According to Kaspersky's new report on cyber threats in the financial industry, the number of users encountering banking Trojan on mobile devices has increased 3.6 times compared to 2023. The number of cryptocurrency scams also recorded an increase of 83.4%.
Financial fraud
In 2024, cybercriminals will continue to lure users to access fake websites, simulate the interfaces of famous brands and financial institutions. The banking sector has become the most targeted target in financial fraud cases, accounting for 42.6% of the total number of cases, compared to 38.5% in 2023.
Of which, Amazon Online Shopping is the most commonly fake brand in online shopping campaigns, accounting for 33.2%. The rate of attacks on Apple has decreased by nearly 3 percentage points to 15.7% compared to 2023.
In contrast, scams targeting Netflix users increased slightly to 16%. Notably, Alibaba has become an attractive target for cybercriminals who commit financial fraud, with fraud cases increasing from 3.2% (2023) to 8% (2024) on the platform.
In addition, fraud impersonating payment systems is also a hot front. In 2024, Kaspersky detected and prevented these types of incidents, accounting for 19.3% of total financial fraud (down slightly from 19.9% in 2023).
Among the impersonated payment systems, PayPal remains at the top of the list, although the share of attacks targeting the brand has fallen significantly, from 54.7% (2023) to 37.5% (2024).
In contrast, Mastercard recorded a nearly double of counterfeit attacks, jumping from 16.6% to 30.5%. Another significant change is the appearance of American Express and Cielo in the Top 5 most impersonated payment systems, replacing last year's Visa, Interac...
2024 also marks a sudden increase in cryptocurrency-related scams.
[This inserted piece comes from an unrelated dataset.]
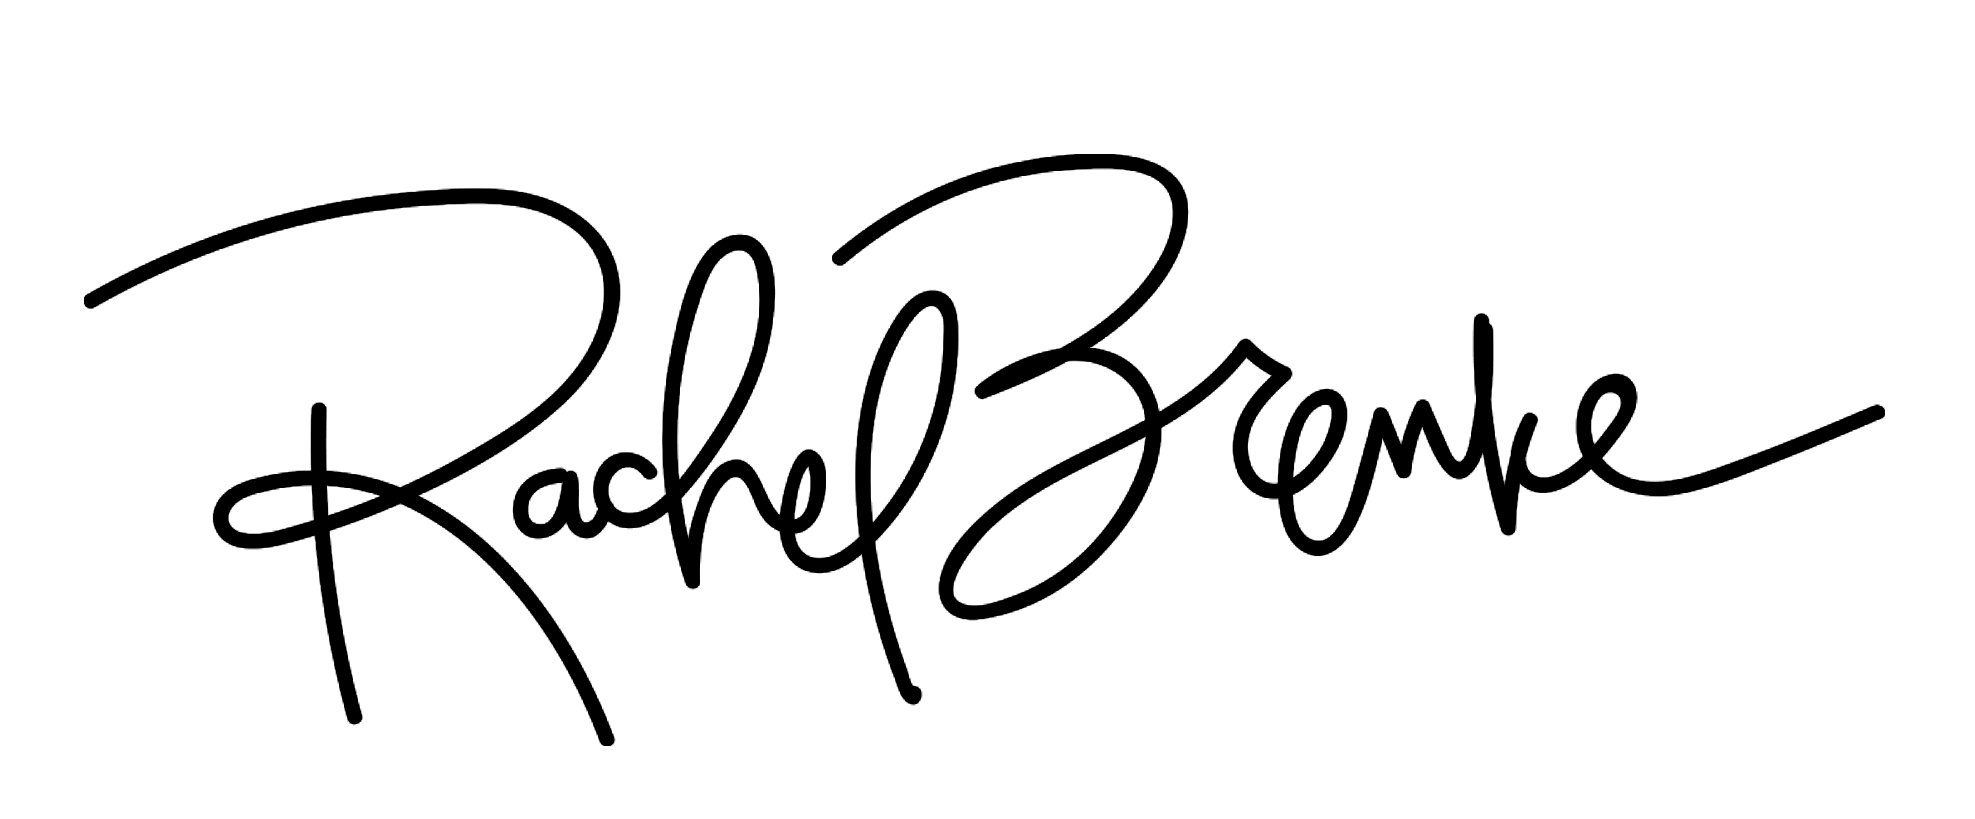 Rachel Logo - Rachel Brenke - Rachel Brenke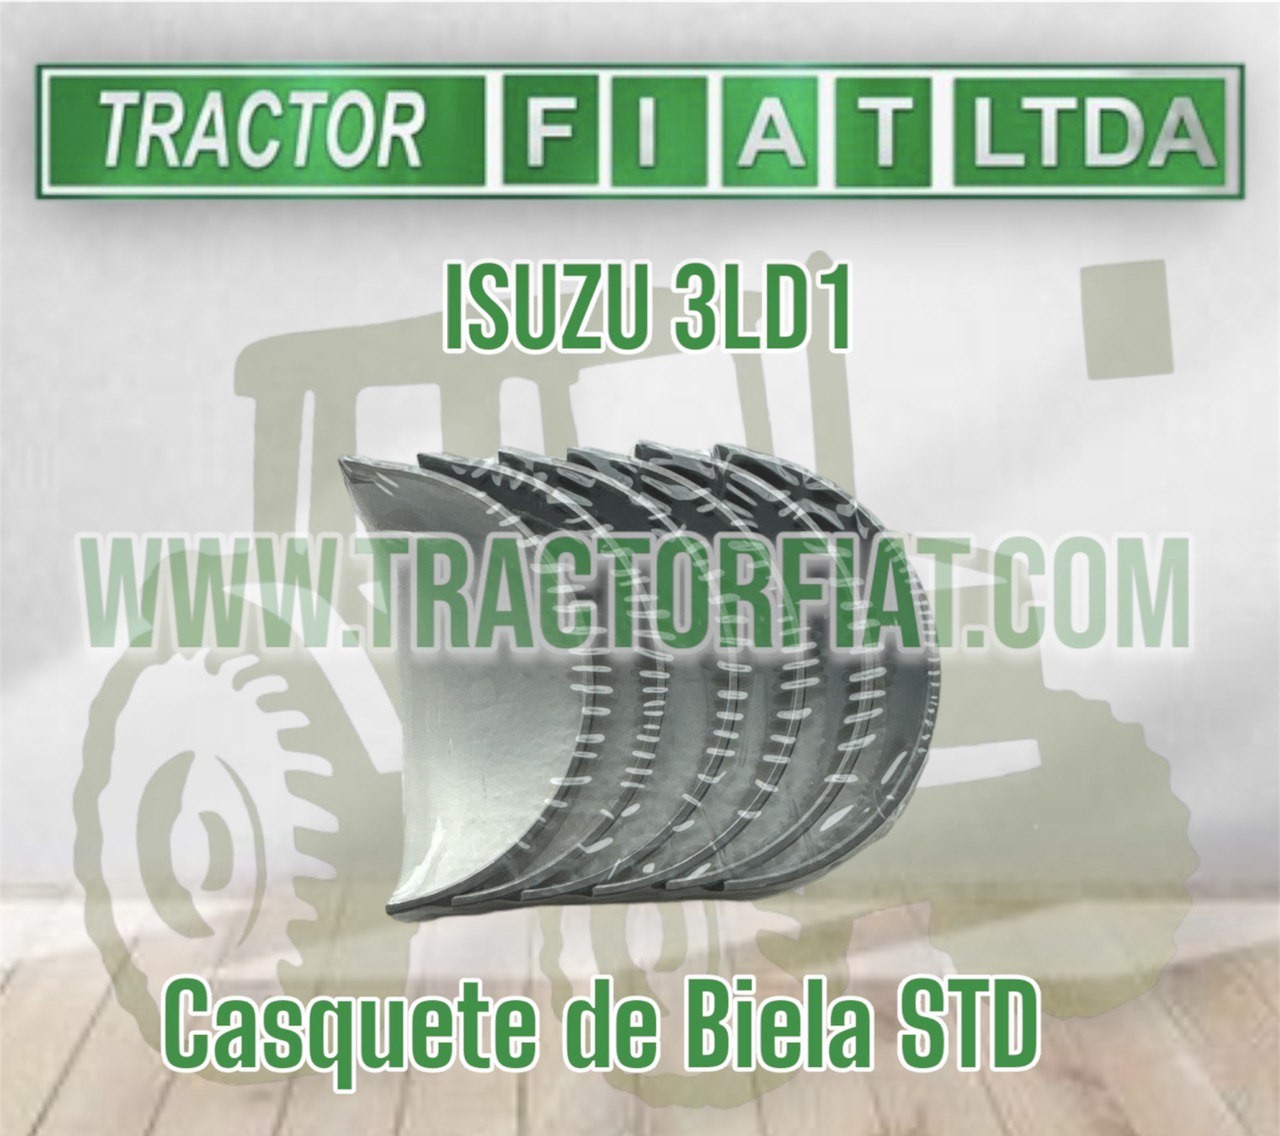 CASQUETES BIELA STD -MOTOR ISUZU 3LD1

Kaspersky's anti-fraud technologies have blocked a total of 10,706,340 visits to fraudulent cryptocurrency-themed links, up 83.4% from 5,838,499 in 2023. Accordingly, as cryptocurrency becomes more popular, the number of attacks will also tend to increase.
authoritarian code targeting personal computers, cryptocurrencies
2024 recorded a significant decrease in the number of personal computer (PC) users affected by financial institutions, from 312,453 (in 2023) to 199,204.
The main trend over the past year shows that most of the PC financial assets detected by Kaspersky have shifted their targets from attacking online banking services to stealing cryptocurrency assets.
The most popular banking Trojanes in 2024 include: ClipBanker (62.9%), Grandoreiro (17.1%), CliptoShuffler (9.5%) and Bit stealer (1.3%).
Of which, Grandoreiro is a sophisticated banking Trojan, which attacked 1,700 banks and 276 cryptocurrency wallets in 45 countries and territories in 2024.
The countries with the highest rate of PC users affected by authoritarian code include Turkmenistan, Tajikistan, Kazakhstan, Switzerland, Kyrgyzstan, Mexico, Argentina, Paraguay...
According to Kaspersky's cybersecurity experts, to avoid financial scams, including cryptocurrency, individuals need to:
Always bat on multi-factor authentication and use a strong, unique password for each account;
Do not click on links from suspicious messages;
Always check the website address carefully before entering login information or bank card details;
download the application from reliable sources such as the official app store; check the rights that the application requires, especially potential risky access rights such as Aides Services, and consider carefully before agreeing to grant the permission.